Vic was born in Corsicana, Texas, on December 25, 1940, and moved to his lifelong home of Houston, Texas, when he was only six months old. He famously got his first job at age six and worked continuously for the following 69 years. A star athlete at Lanier Junior High and Bellaire High School, Vic was always proud of his accomplishments on the football field and baseball diamond.
For college, Vic ventured far to Brandeis University, where he loved his study of history (including a class taught by Eleanor Roosevelt), served as senior class president, and most importantly met his partner in life, Bobbi. Vic and Bobbi were married a week after their 1963 Brandeis graduation before heading to Portland, Oregon, and Reed College to get Masters in Arts in Teaching degrees in 1964. A somewhat frustrating year of teaching history on Long Island, convinced Vic and Bobbi to head back to the boomtown of Houston and enter the world of business.

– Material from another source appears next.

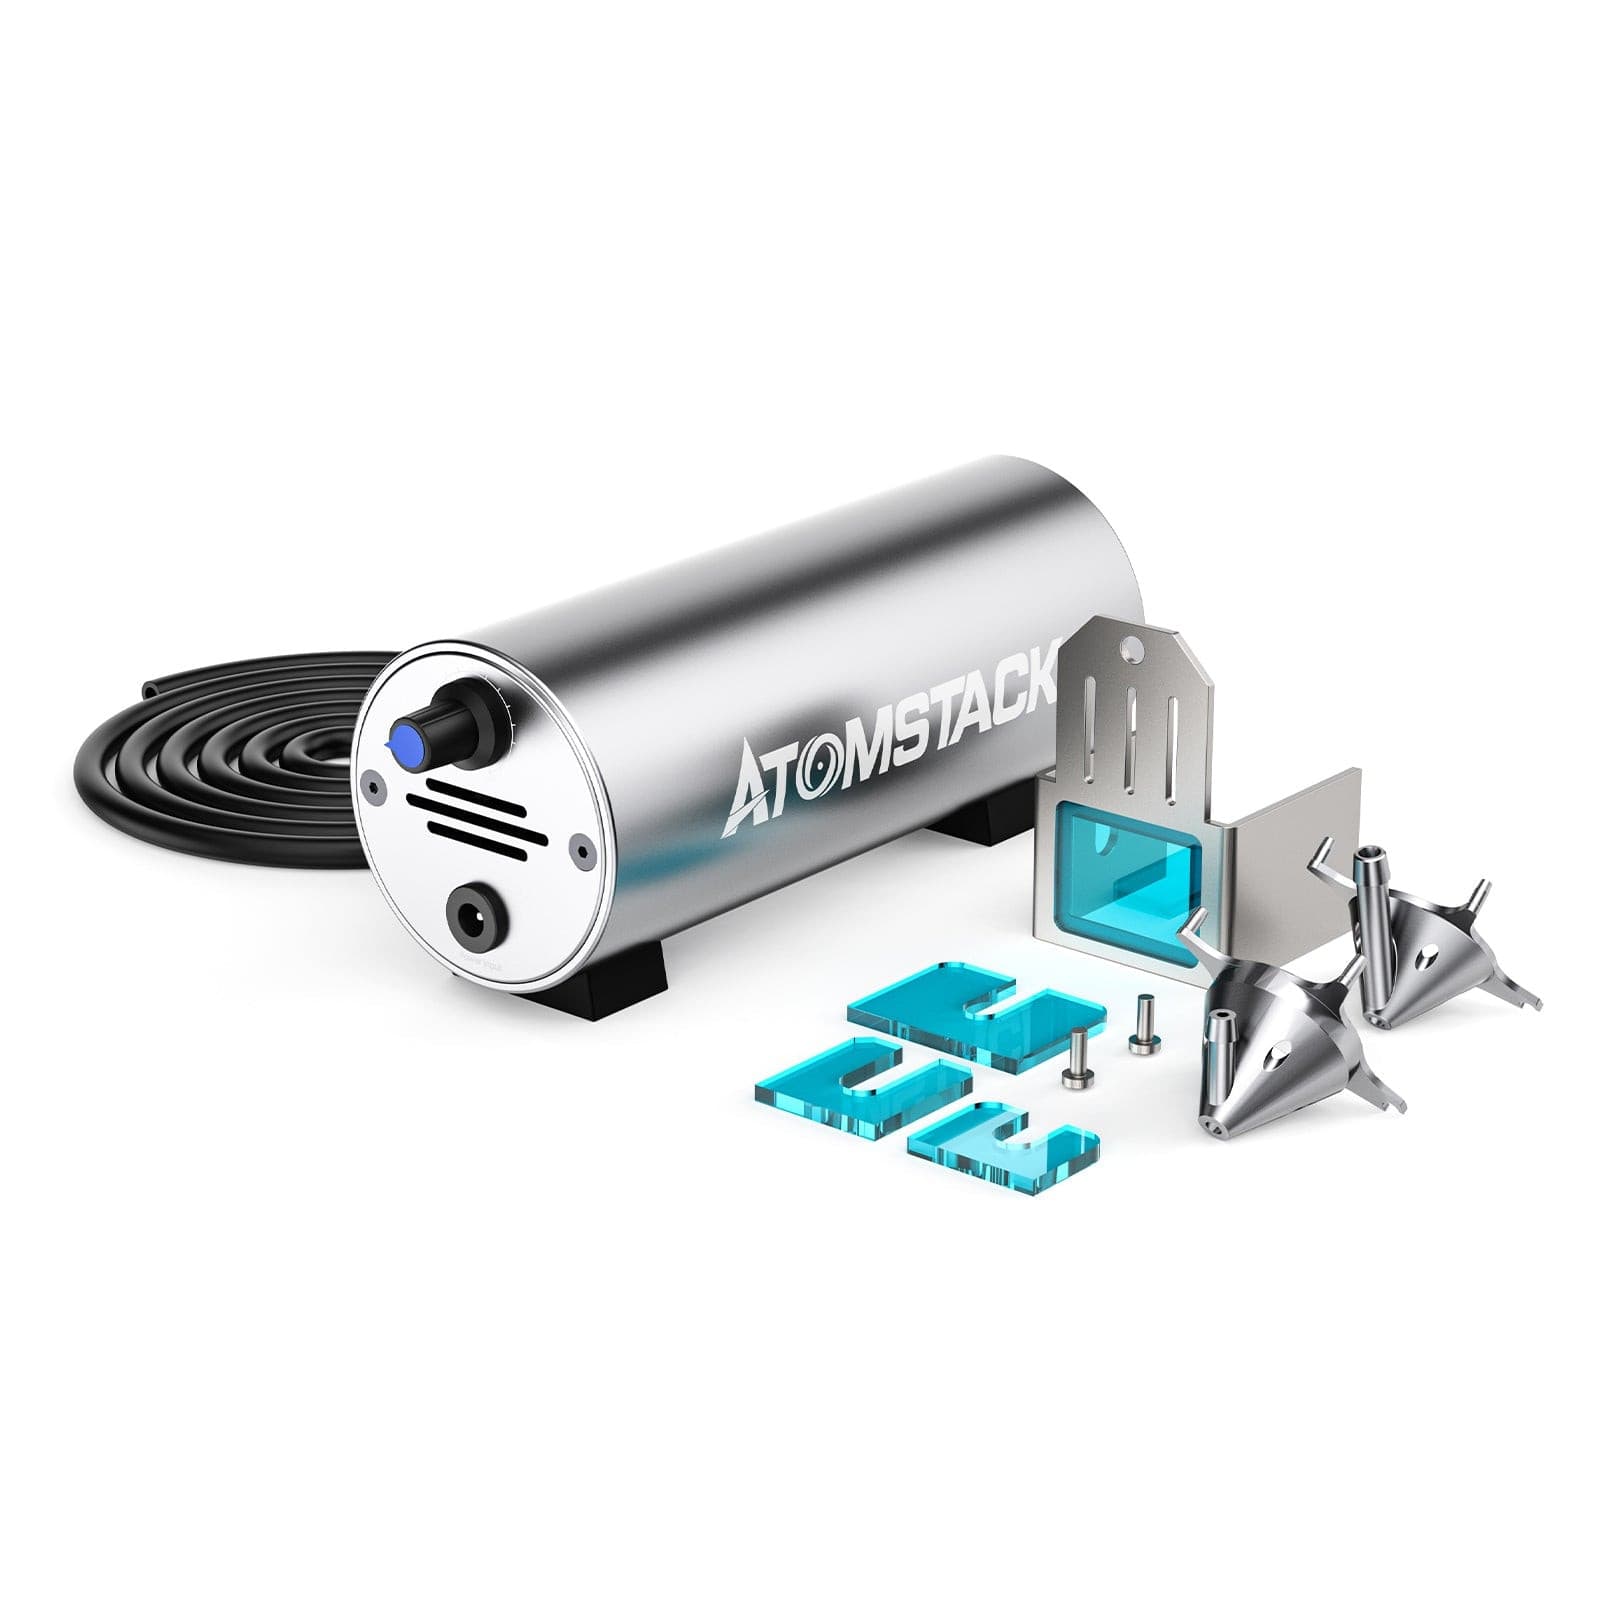 Atomstack X40 Pro 210W Professional Grade Laser Engraving and Cutting Machine, EU Plug
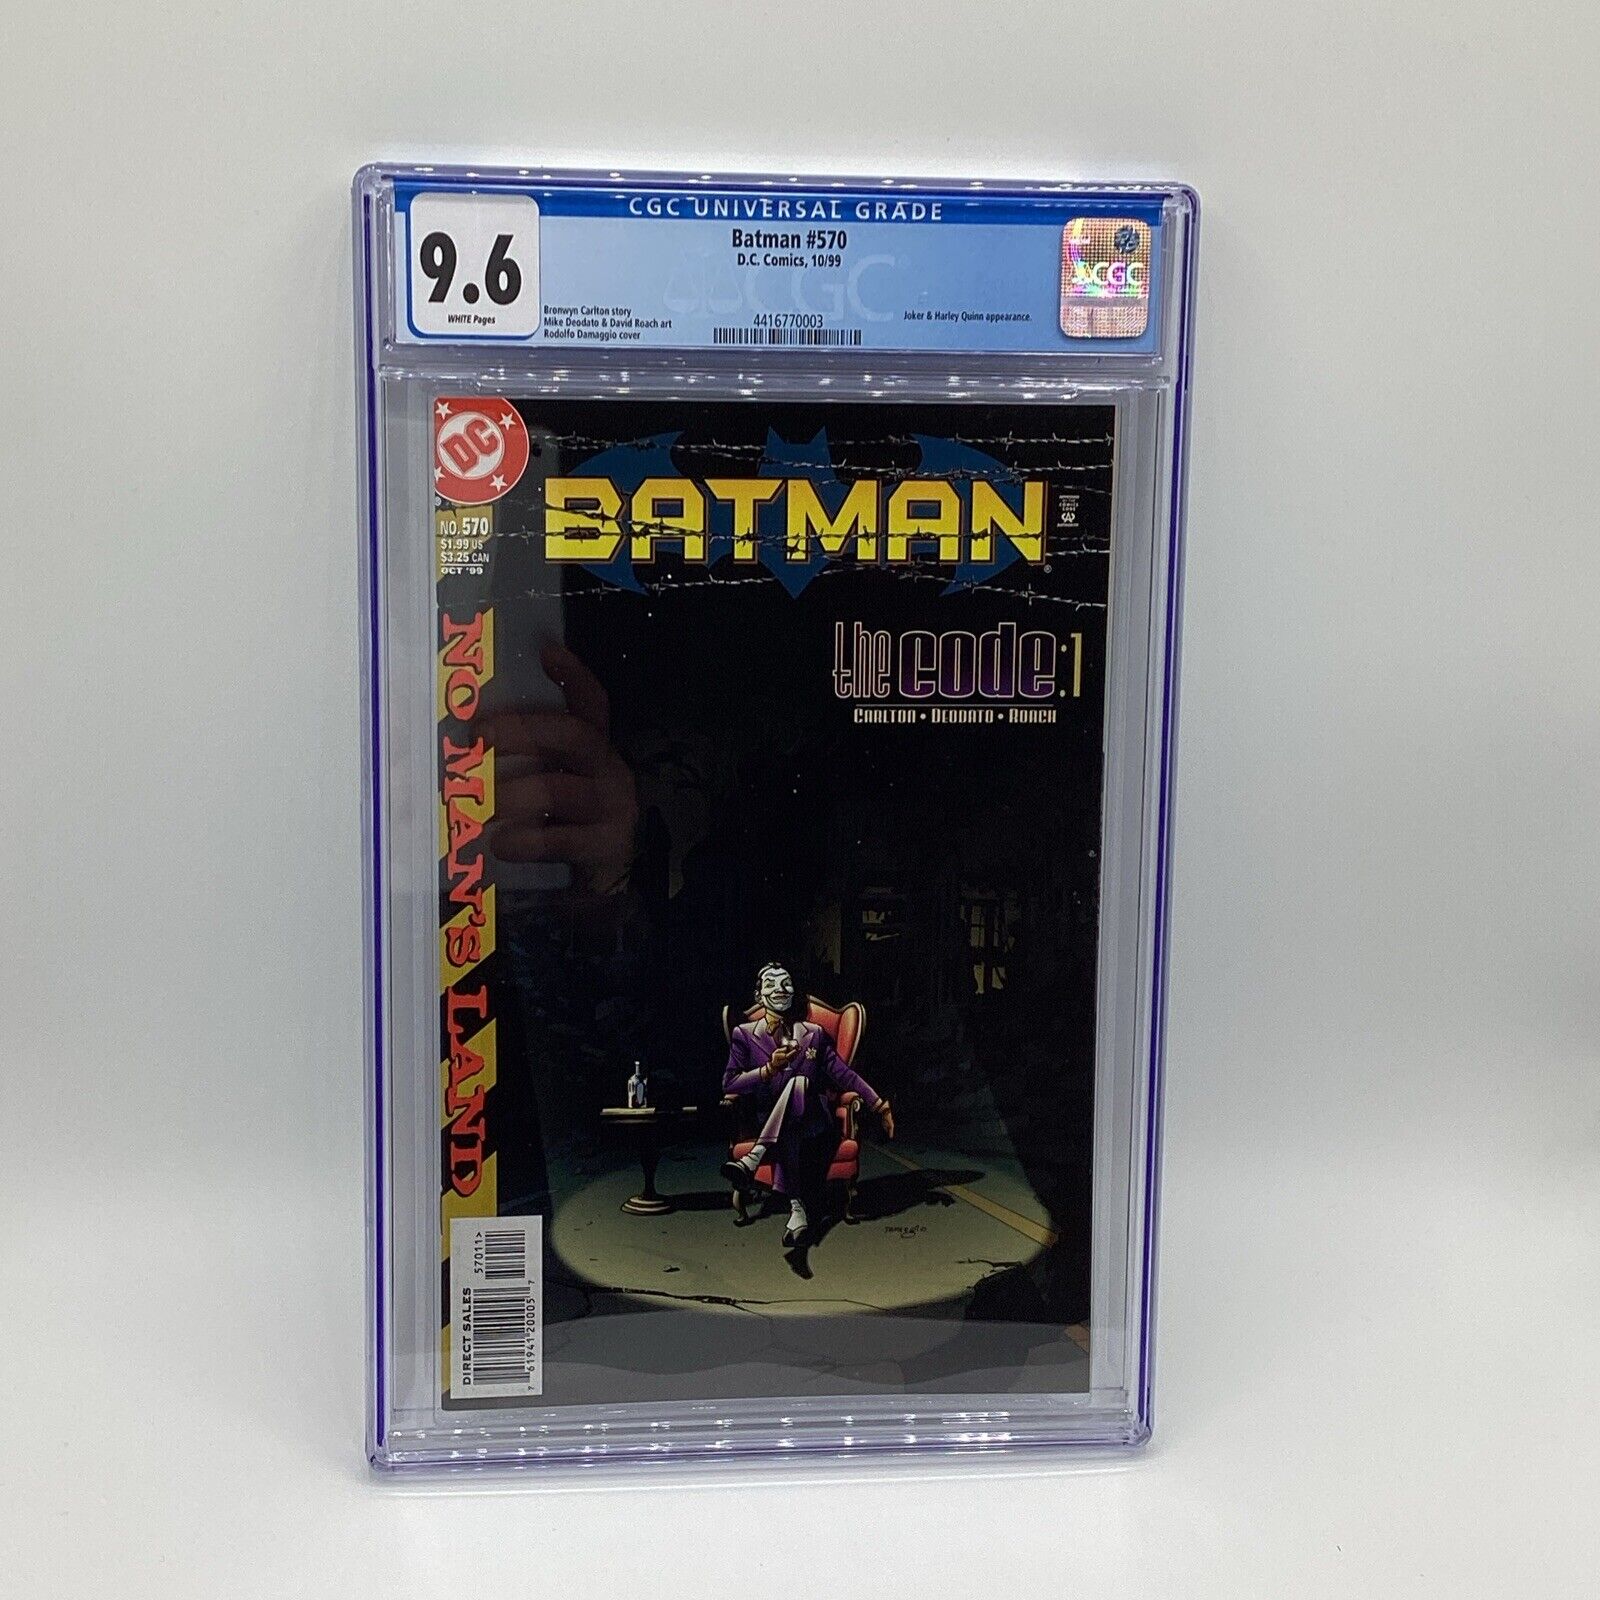 D.C. Comics Batman #570, 10/99 CGC Graded 9.6-Harley Quinn & Joker Appearance

After starting his career at Houston Corrugated Box, Vic spent the ensuing 50 years creating, building, and managing four substantial businesses employing thousands of employees: Houston Terminal Warehouse, Leedo Manufacturing, Leedo Furniture, and Victory Packaging. As a risk taker willing to bet it all and as an excellent strategic thinker, operator, and negotiator, Vic led his businesses to tremendous success. Vic also took pride in his role as mentor to many young professionals.
However, Vic only spent about a third of his time building companies. He was completely devoted to true work-life balance (even if they didn't call it that back in the 1960's) and often said that he divided his time evenly between business, community, and family. His commitment to community was born in philosophy and example from his parents, Irving and Elsie Samuels. Repairing the world was a cornerstone of his Judaism. Upon accepting one of the dozens of awards he received in his life, Vic explained "Those of us fortunate to have excess energy and time after taking care of life's essentials define our lives by what we choose to do with our 'non-work' time - the rest of our lives. What do we dedicate ourselves to? Are we self-indulgent or do we define ourselves by repairing the world and completing creation? We are what we commit ourselves to. We have a responsibility to make the world a better place."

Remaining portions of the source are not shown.